→ EXERCISE BRIEF
Your answer must be the line containing "#NuclearBan #NuclearBanTreaty #DivestNukesNYC" and each following line to the end of the listing below, copied exactly, with pictures removed and nothing added.

→ RAW DATA

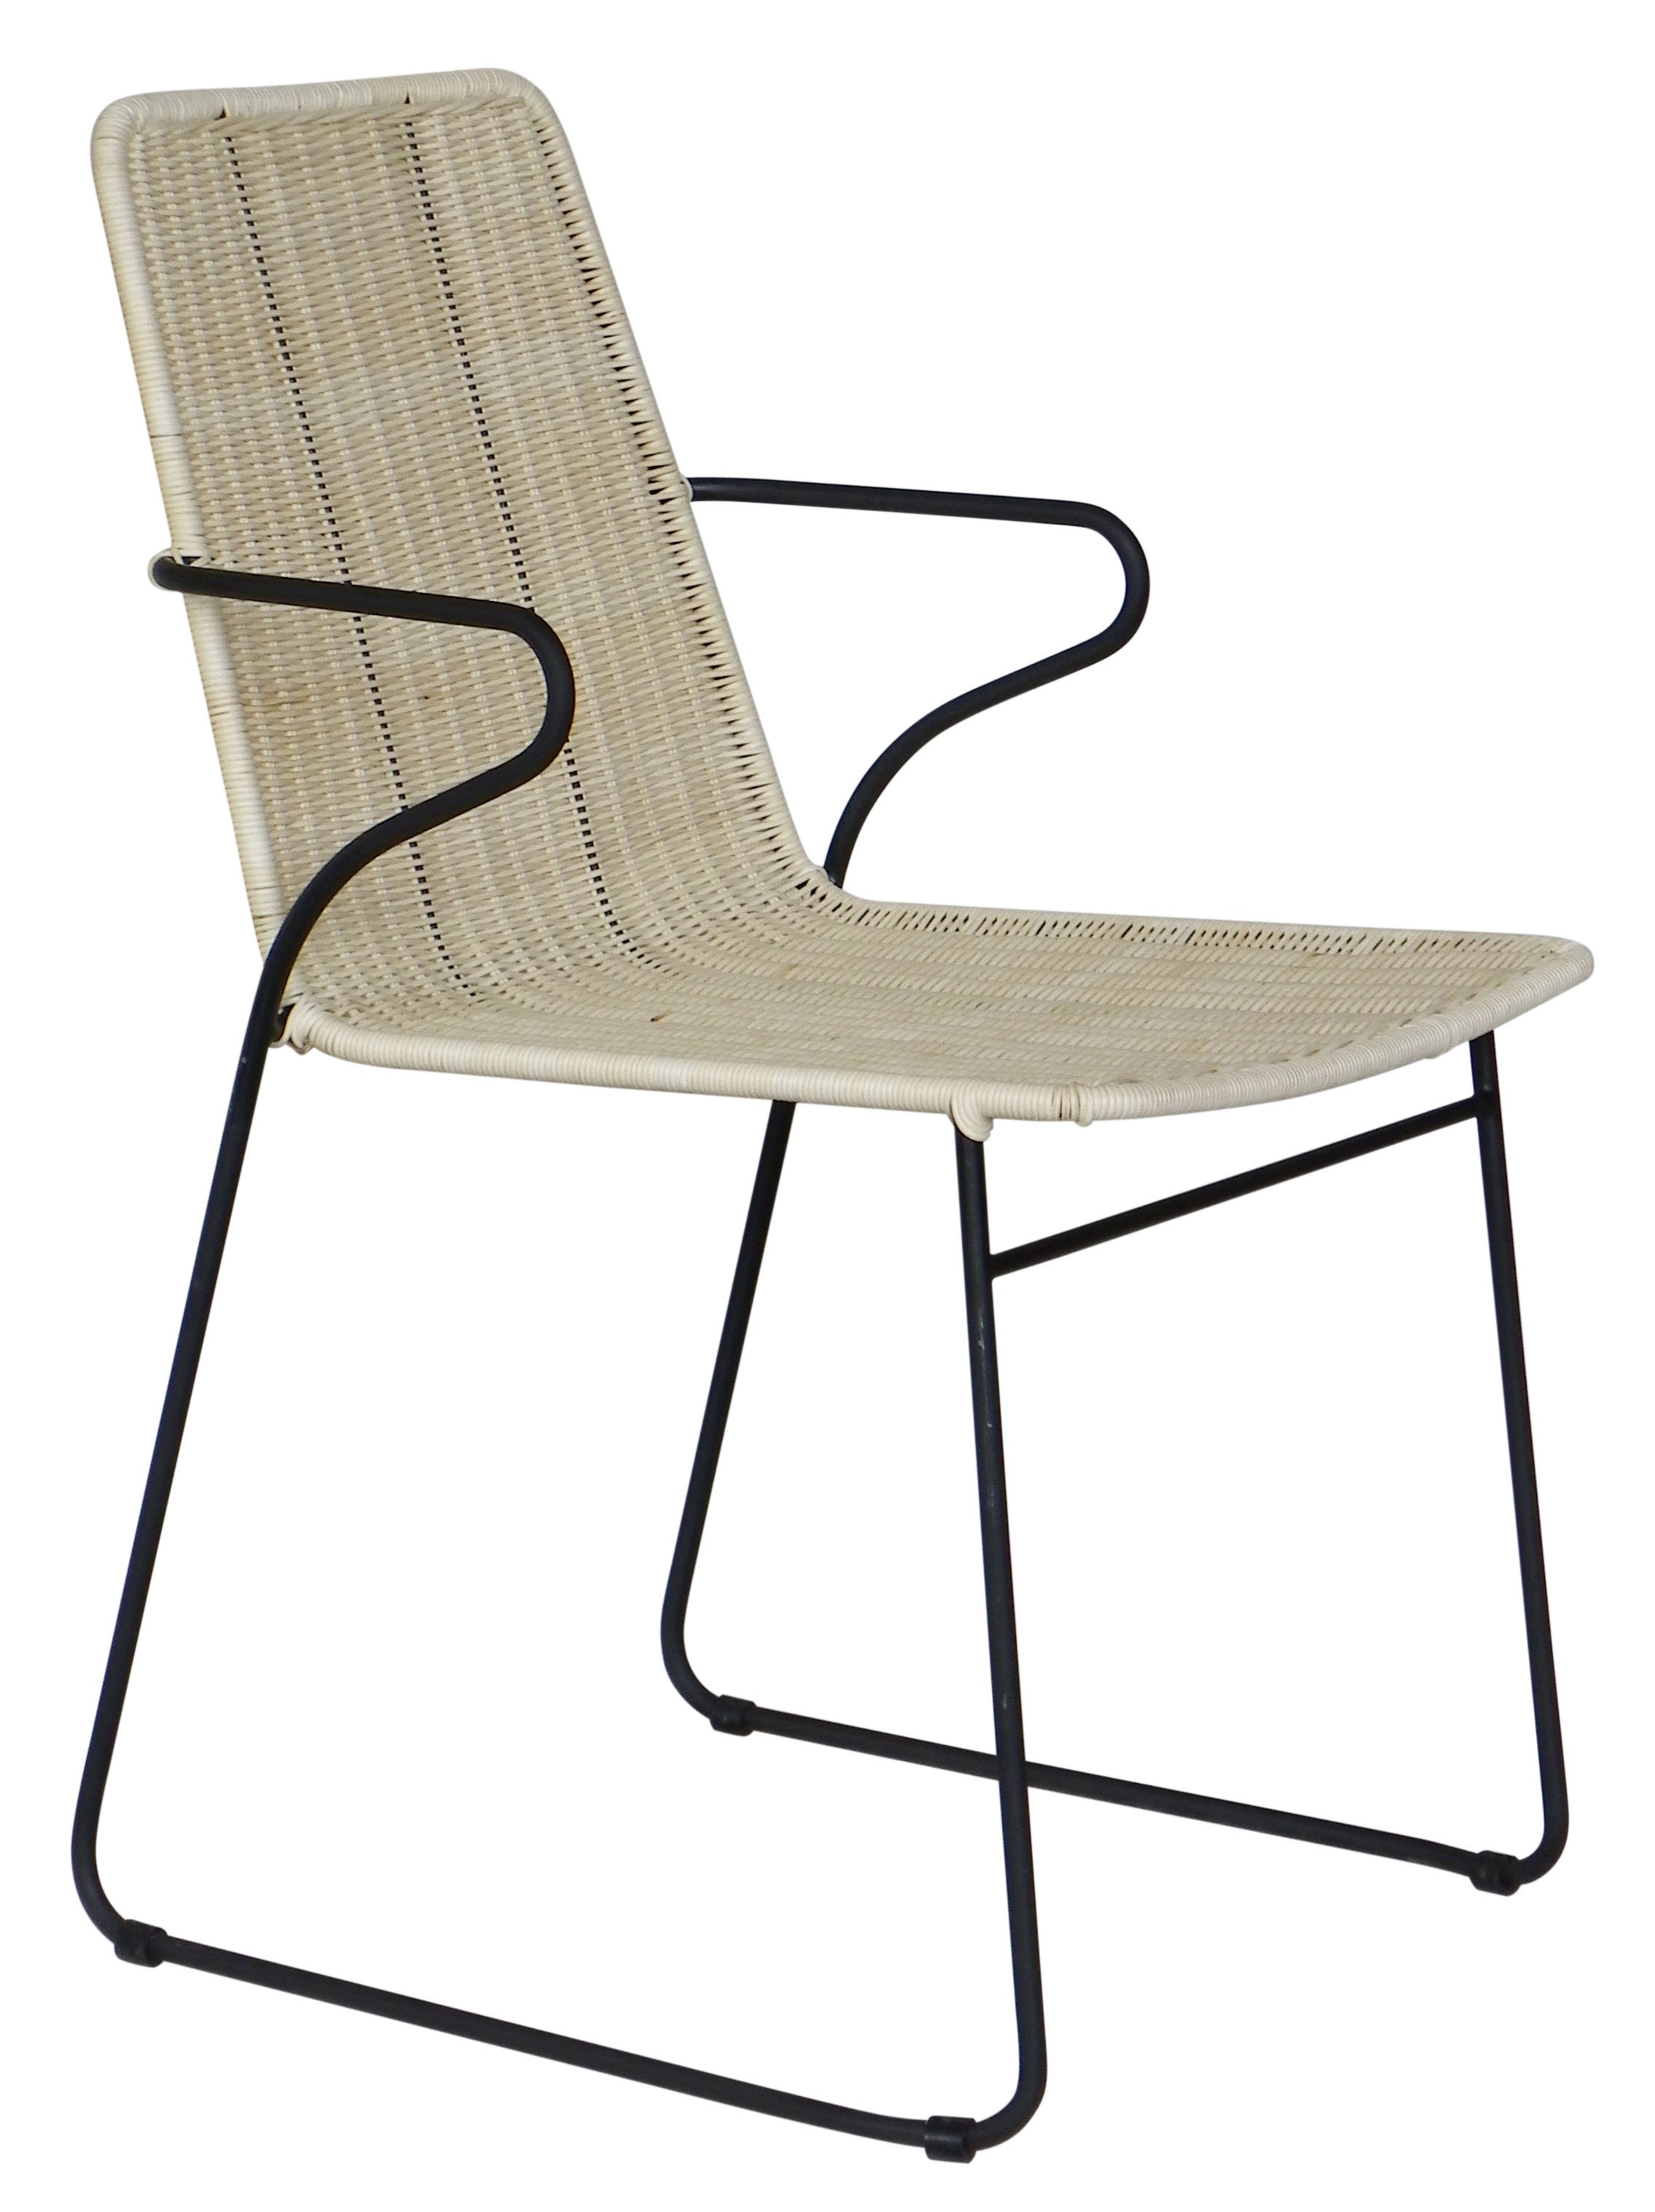 CARDIO DINING CHAIR IN WICKER
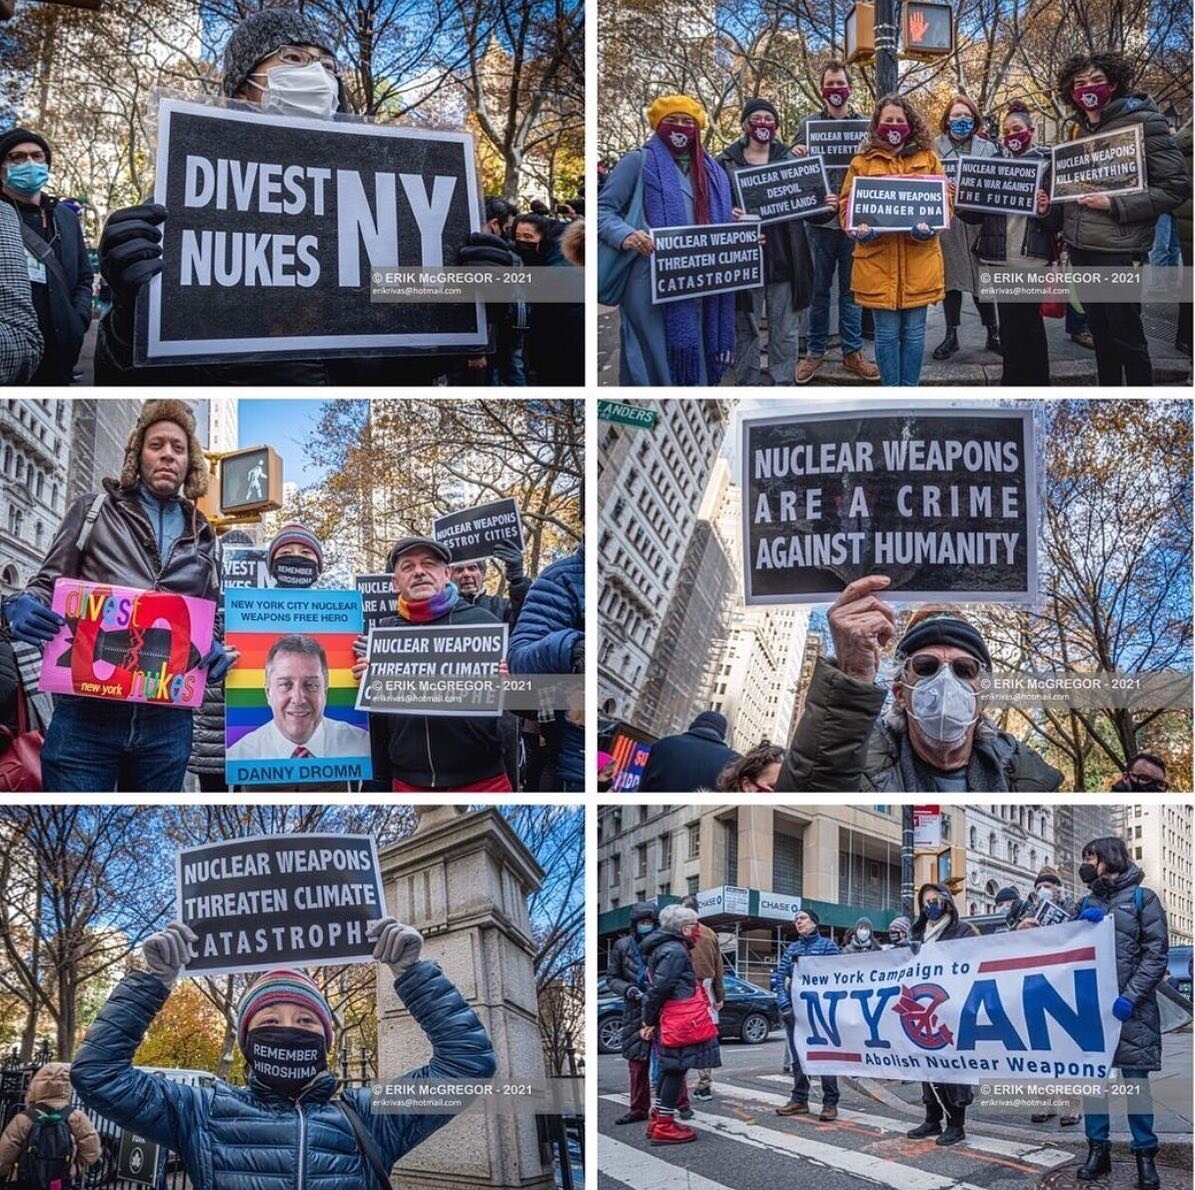 NYCAN and supporters, including @risenresistnyc, gathered in NYC at City Hall on 11/23/21 for the final push to pass Res. 976-2019 and INT 1621-2019, introduced by City Council Member Daniel Dromm.

#NuclearBan #NuclearBanTreaty #DivestNukesNYC #Abol
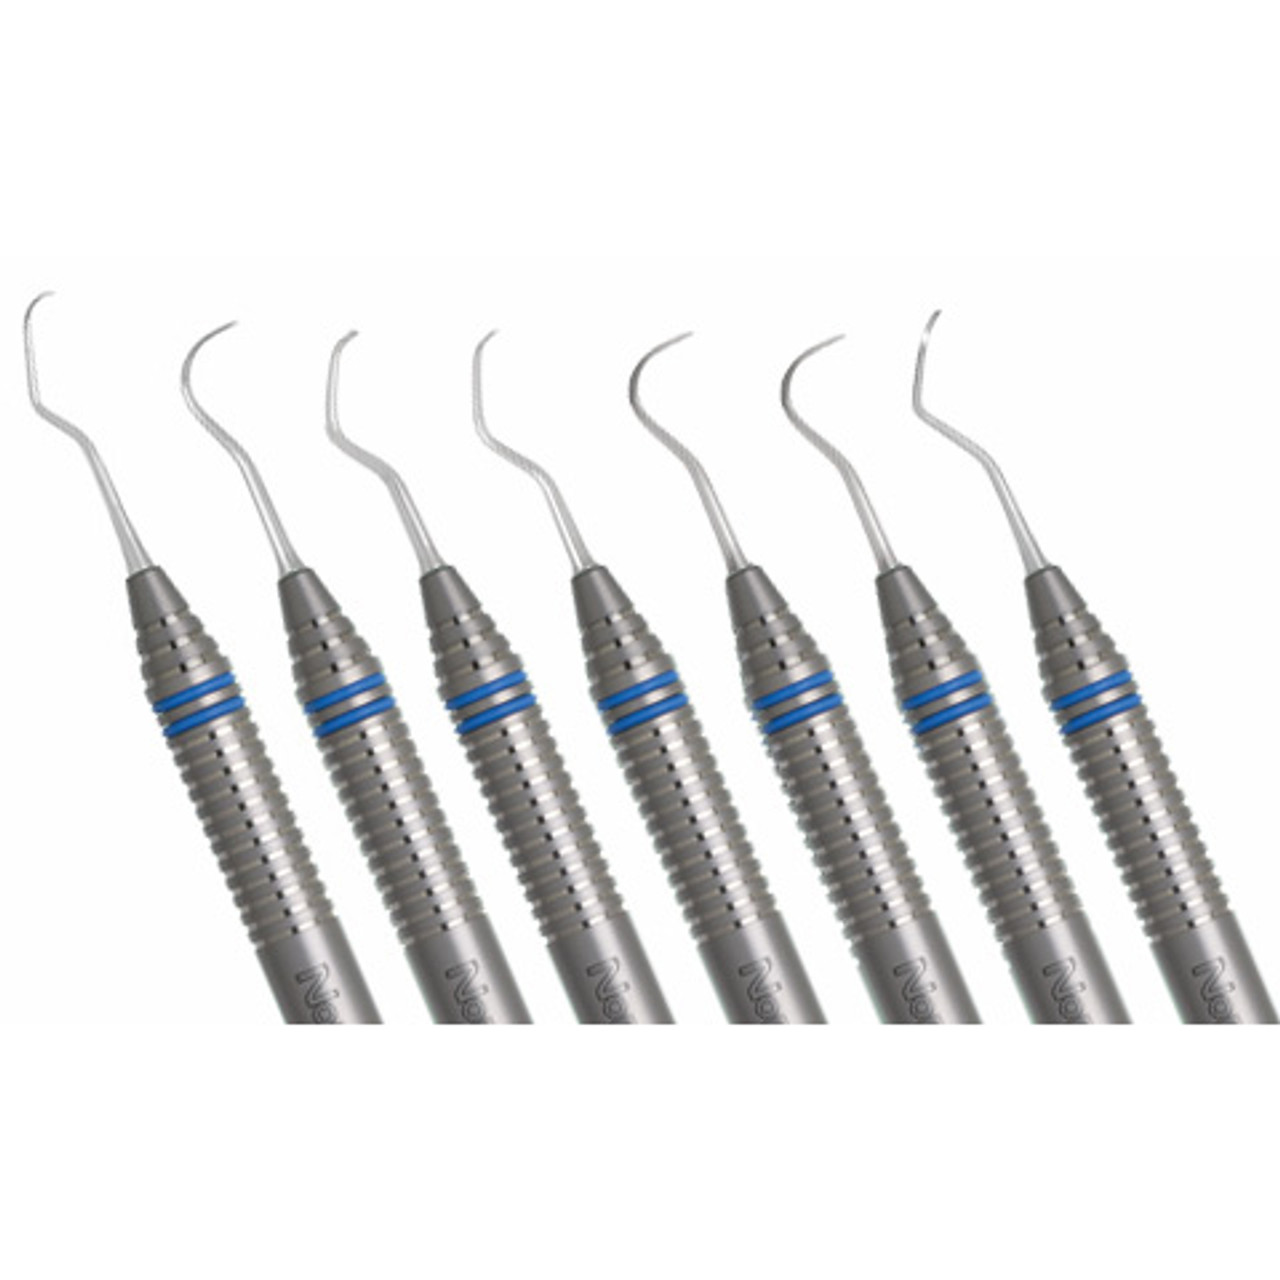 Nordent - Curette Gracey Double End 13/14 DuraLite ColorRing Stainless Steel Each

→ EXERCISE RESPONSE
#NuclearBan #NuclearBanTreaty #DivestNukesNYC #Abol
 Nordent - Curette Gracey Double End 13/14 DuraLite ColorRing Stainless Steel Each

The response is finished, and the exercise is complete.